Kapitel 9

98 9 1
                                    

Die Stunden verstreichen und ich vergrabe mich in meine Arbeit. Immer mehr Patientenakten finden ihren weg auf den Stapel der fertigen Akten und der Stapel der zu bearbeitenden schrumpft immer mehr. Ausgerechnet heute ist seit der Stadionprügelei heute morgen nicht mehr viel los. Nicht mal Kinder mit laufenden Nasen überfordern die Notaufnahme und auf der Station ist auch alles ruhig. Außer den Akten gibt es also nichts anderes, mit dem ich meine Gedanken ablenken kann und das ist nicht besonders effizient, denn es fordert mein Hirn nicht so heraus, dass es alle anderen Gedanken überdeckt. Ich muss die ganze Zeit an sie denken. An Beverly in dem riesigen Bett, verloren und allein. Natürlich ist Julian bei ihr. Solange er nicht unbedingt gebraucht wird, wird er sie keine Sekunde aus den Augen lassen und solange er bei ihr ist kann ich nicht zu ihr, auch wenn ich es gerne würde. Ich würde so gerne sehen wie es ihr geht, ob sich ihr Herz inzwischen zumindest ein bisschen beruhigt hat. Aber ich kann nicht. Julian würde es nie erlauben und ich will nicht mit ihm streiten, denn es hätte keinen Sinn. Er würde es mir nicht glauben, egal was ich sage. Also lasse ich es bleiben. Seufzend bemerke ich, wie ich wieder unruhiger werde, die Sorge wieder die Oberhand zu gewinnen scheint und ich stehe auf, um ein paar Schritte zu gehen, zu gucken, ob es vielleicht irgendetwas gibt, was ich tun kann, irgendetwas, wo ich mich nützlich machen kann. Ich brauche doch nur irgendwas, dass mich ablenkt. Das mich davon ablenkt, dass Beverly bewusstlos ist und nur Julian bei ihr ist um sich um sie zu kümmern, auch wenn er keinen klaren Gedanken fassen kann und damit eigentlich nicht in der Lage ist auf sie aufzupassen. Aber ich habe keine Handhabe gegen ihn und solange Beverly nicht alleine zuhause ist ist, sind genug Ärzte hier um das schlimmste zu verhindern. Solange er nur nicht auf die Idee kommt sie gehen zu lassen. Aber so dumm kann er doch nicht sein, auch wenn er sie so sehr liebt.
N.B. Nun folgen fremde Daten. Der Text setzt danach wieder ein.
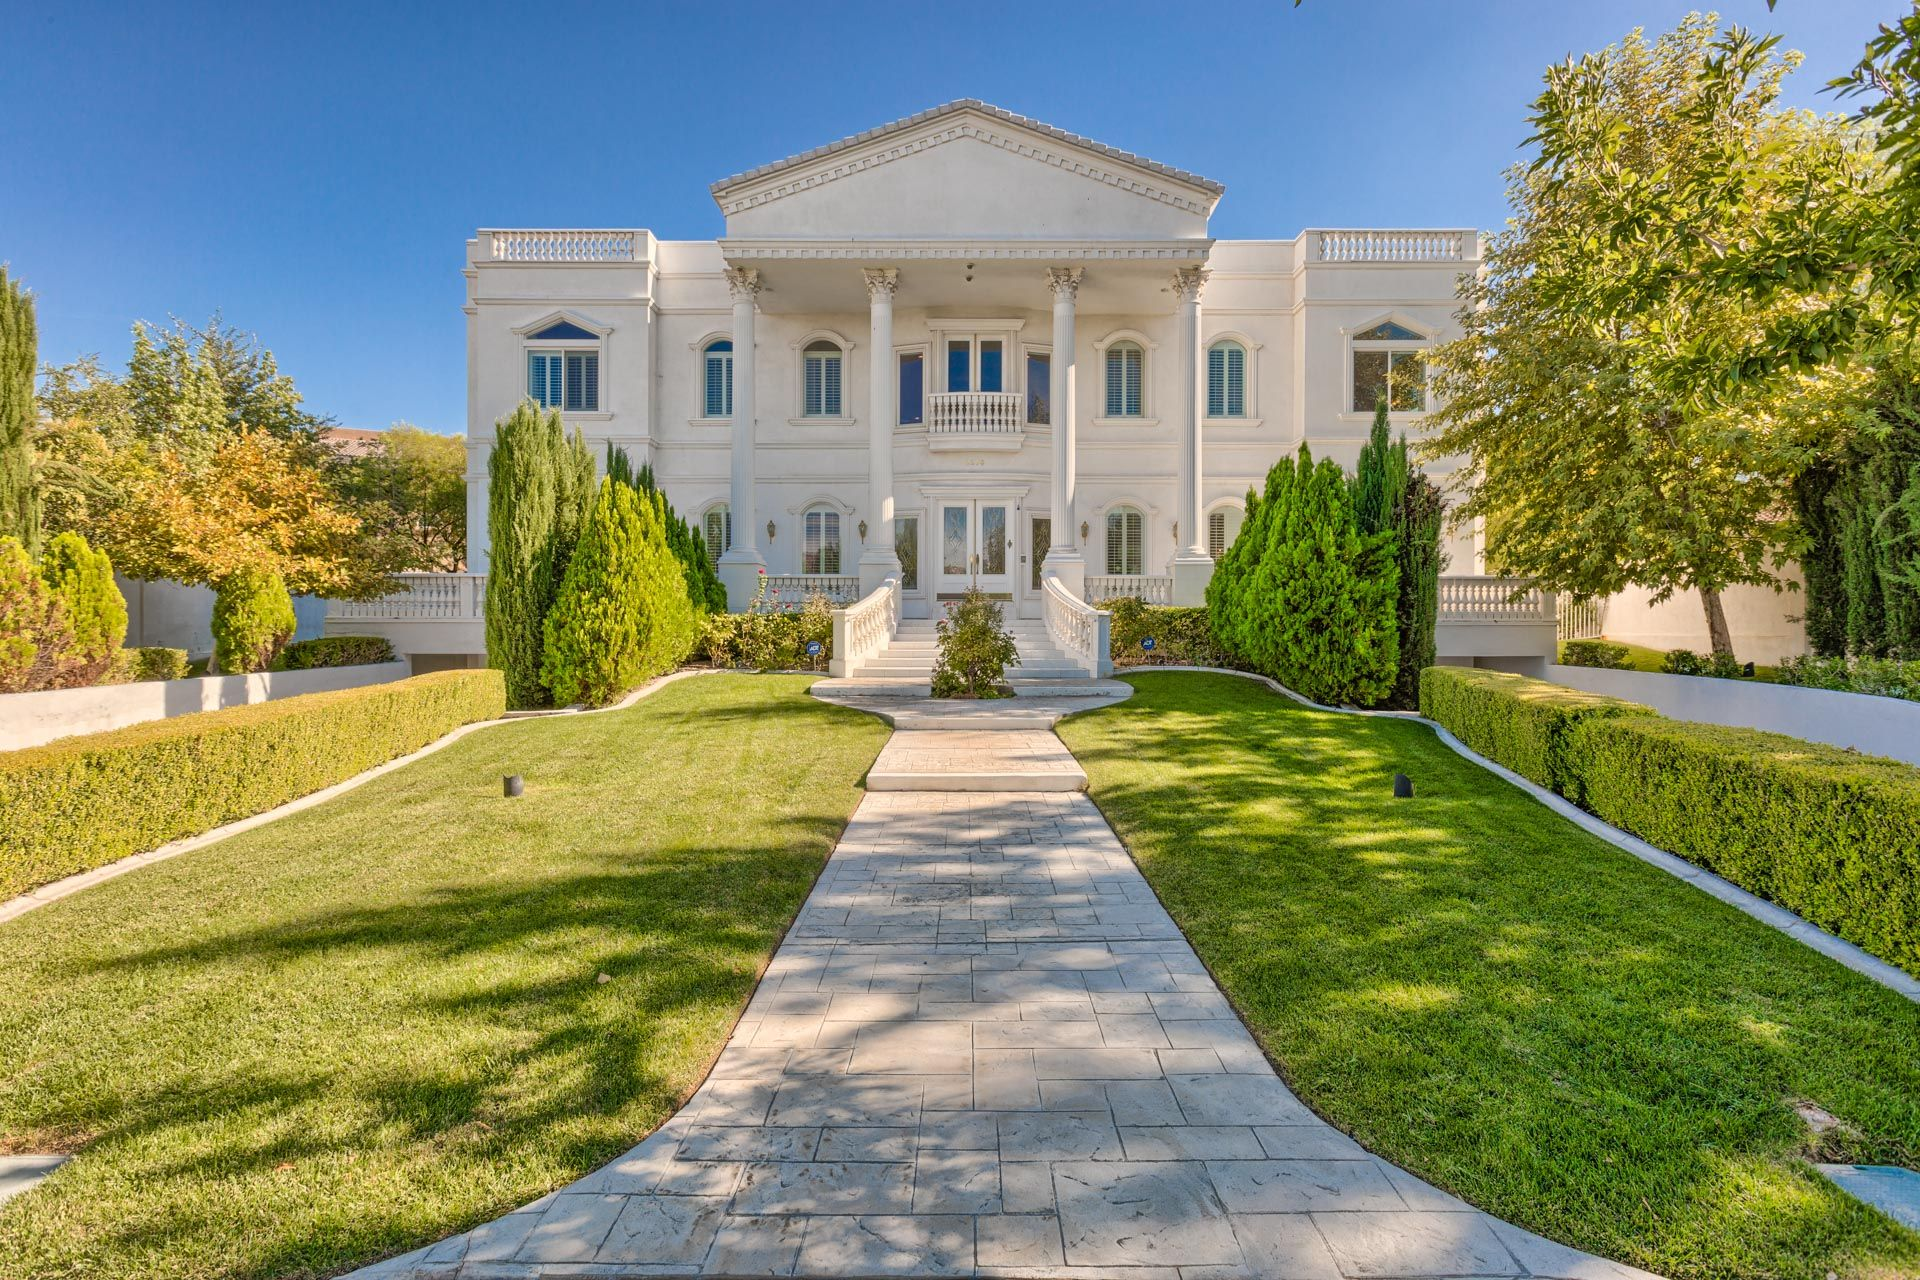 Million Dollar Homes In Las Vegas For Sale 1m 3m Million Dollar Homes Luxury Homes Dream Houses Cottage Homes
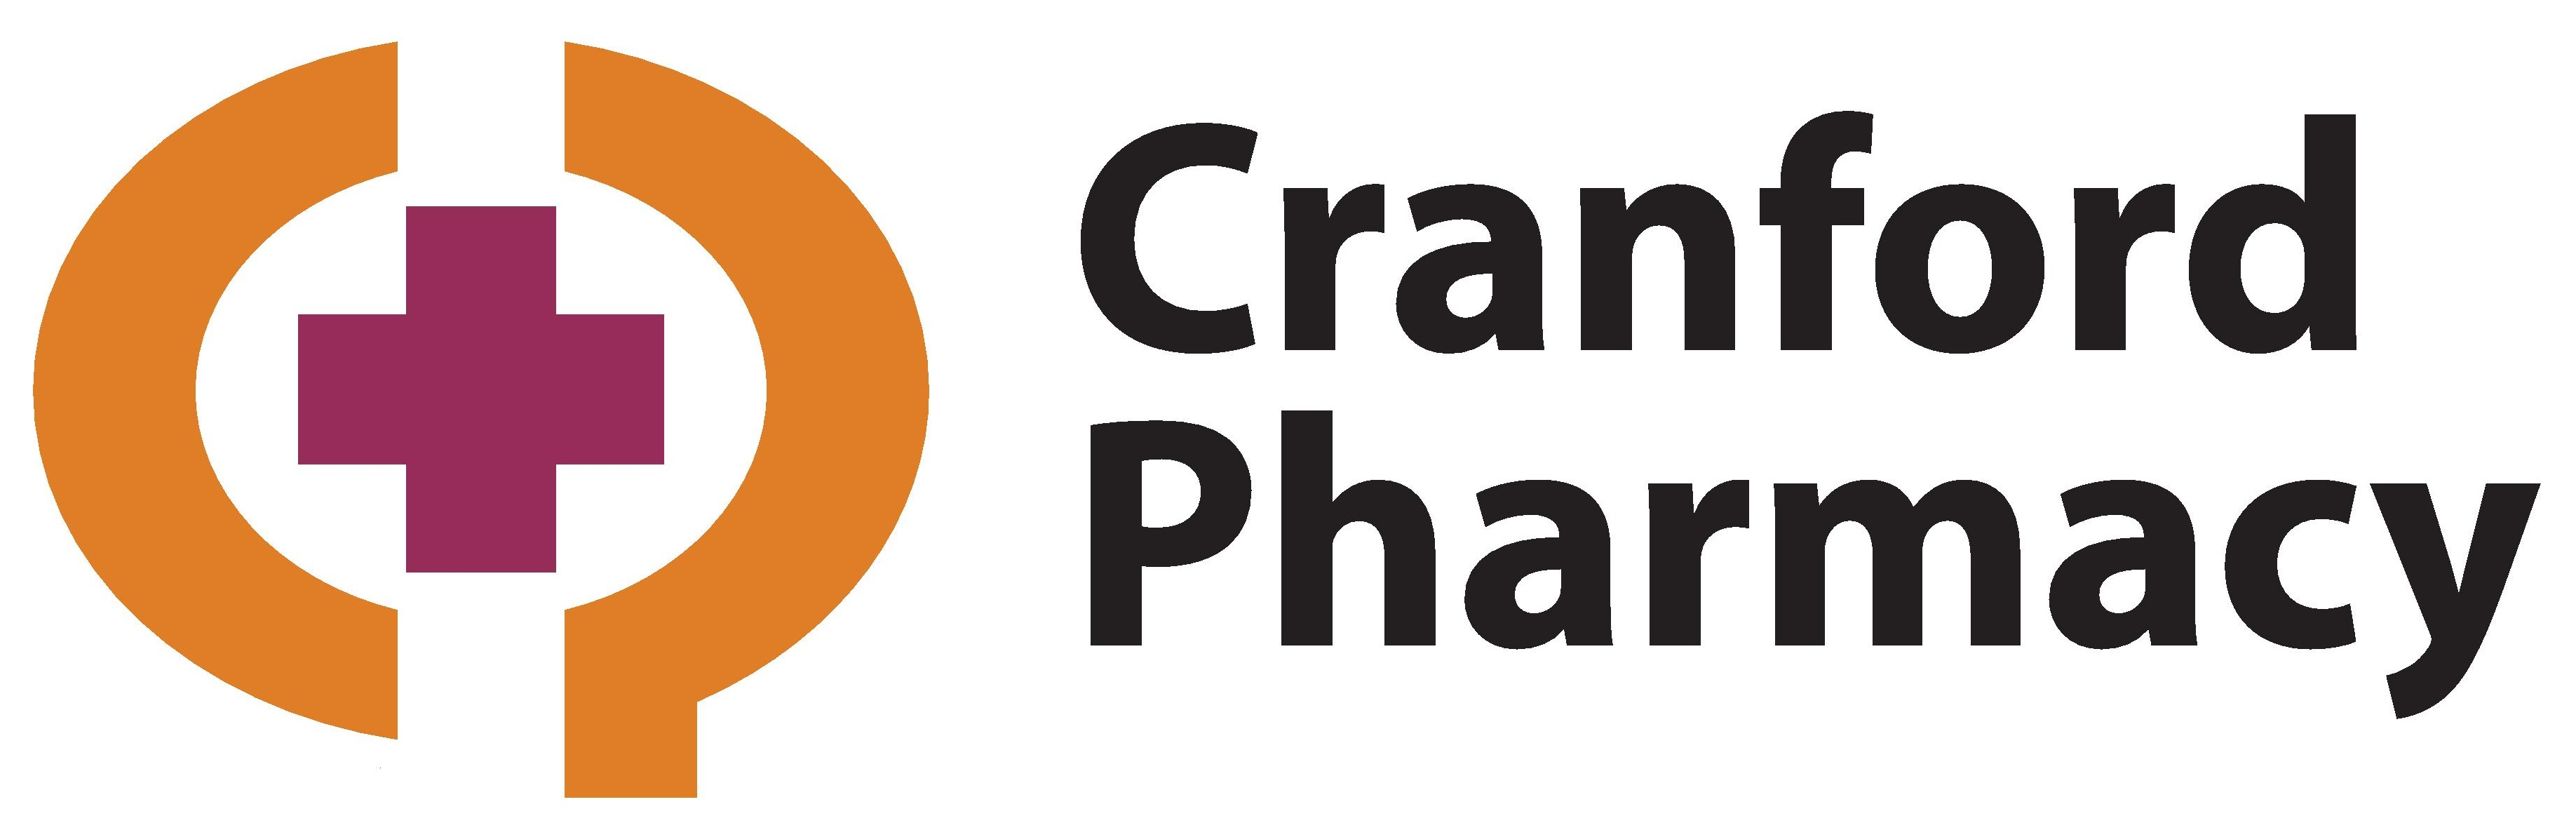 Logo - Cranford Pharmacy jpg

Seufzend gehe ich durch die Korridore, in denen die Schwestern und Pfleger geschäftig von Zimmer zu Zimmer gehen und Essen und Medikamente verteilen. Gerne würde ich ihnen helfen, einfach nur, um beschäftigt zu sein, aber da würden sie denken, dass ich ihnen nicht zutraue es alleine zu schaffen. Außerdem haben sie ihr eigenes System und da will ich ihnen nicht rein pfuschen. Gedankenverloren gehe ich die Gänge entlang, ohne wirklich darauf zu achten, wohin meine Füße mich tragen. Alles fühlt sich irgendwie fremd und fern an, als wäre ich nicht wirklich hier.

Wie von selbst stoppen meine Füße vor einer der vielen Türen, hinter denen sich die Patientenzimmer verbergen. Ich muss nicht aufsehen, um zu wissen, dass es Beverlys ist. Wohin sollte ich auch sonst gehen? Schließlich ist sie es, die die ganze Zeit in meinem Kopf ist. Ich höre Julians Stimme leise durch die Tür hindurch, wie er sanft mit ihr spricht, sie anflehte aufzuwachen. Er verspricht ihr, dass er alles tut, was sie will, wenn sie nur aufwacht. Als würde es etwas bringen. Sie ist bewusstlos. Sie hört ihn nicht. Außerdem wird sie nur nach Hause wollen, sobald sie aufwacht und das kann er doch nicht zu lassen. Egal was er ihr jetzt verspricht, er wird es nicht halten können. Aber sie hört ihn ja nicht. Er wird die Versprechen nicht halten müssen. Aber alle Versprechen dieser Welt werden nicht dazu führen, dass sie aufwacht.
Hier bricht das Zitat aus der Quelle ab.